In the U.S., biologics are protected from competition with lower-cost biosimilars for 12 years from the time the Food & Drug Administration approves them for marketing. A four-year period of “data protection” prevents biosimilar makers from relying on the innovator’s clinical trial data to secure regulatory approval, while the remaining eight years provide market exclusivity.
U.S. drug manufacturers, who have set their sights on emerging markets abroad, hoped the TPP agreement would require 12 years of market protections for biologics. But other nations have adopted a wide range of approaches. Australia, New Zealand, Singapore, and Chile offer five years of protection, Japan and Canada eight years, and several TPP countries—Mexico, Peru, Vietnam, Malaysia and Brunei—have no protection.
Consequently, U.S. negotiators faced stiff opposition and ultimately agreed to a compromise on the length of market exclusivity for biologics. The deal allows the U.S. to keep its current 12-year standard. Each of the other TPP countries can choose to adopt a protection period of at least five years but no more than eight years.

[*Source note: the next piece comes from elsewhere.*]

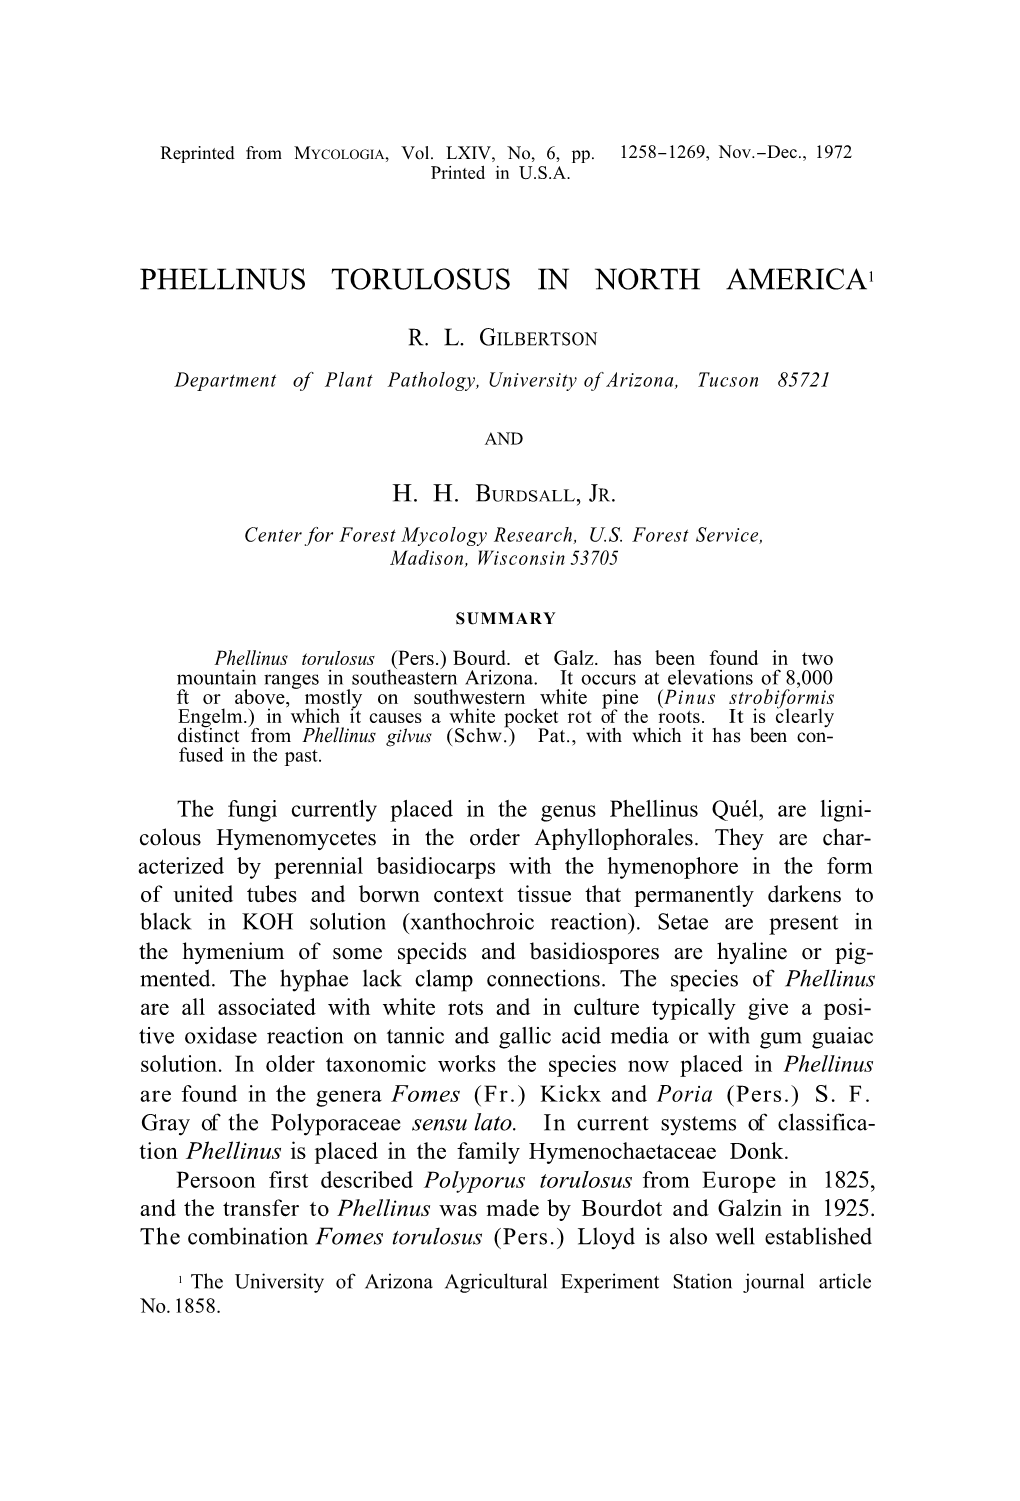 Phellinus Torulosus in North America1
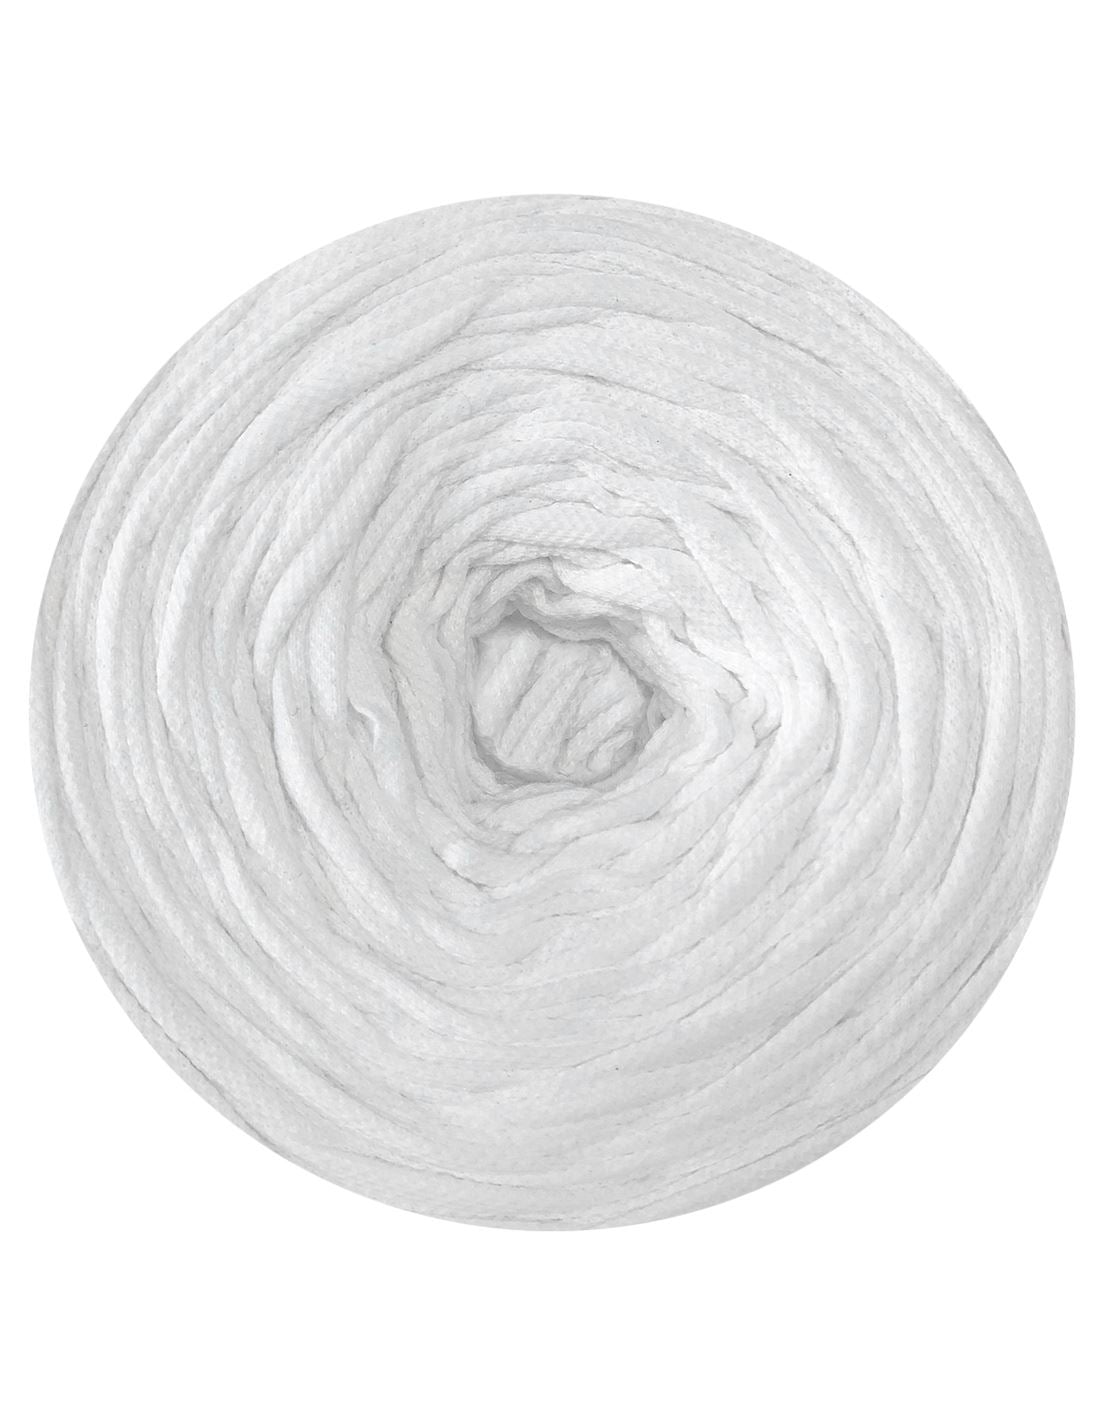 White polo t-shirt yarn by Tek-Tek (100-120m)

Australia, which led the charge against the U.S. position in the negotiations, was unwilling to offer more than five years of protection for biologic medicines. A longer term would increase the cost of Australia’s government-subsidized medical program.
The outcome on biologics protection in TPP greatly disappointed U.S. drug manufacturers. They argue that it costs nearly $1.2 billion to develop a biologic and between 12.9 and 16.2 years to recoup this investment.
“We have serious concerns that the regulatory data protection period for biologics in the TPP falls far short of what is necessary to continue the cycle of innovation that will lead to the breakthrough medicines of the future,” says Stephen J. Ubl, chief executive officer of the Pharmaceutical Research & Manufacturers of America, which represents brand-name drug companies. The 12-year U.S. model, Ubl says, “should have been the standard set in the TPP in order for the agreement to foster more cures and treatments for patients around the world.”
The refusal of other TPP countries to agree to a similar length of IP protection for biologics is “remarkably short-sighted,” says James C. Greenwood, CEO of the Biotechnology Innovation Organization, an industry trade association. “It has the potential to chill global investment and slow development of new breakthrough treatments for suffering patients.”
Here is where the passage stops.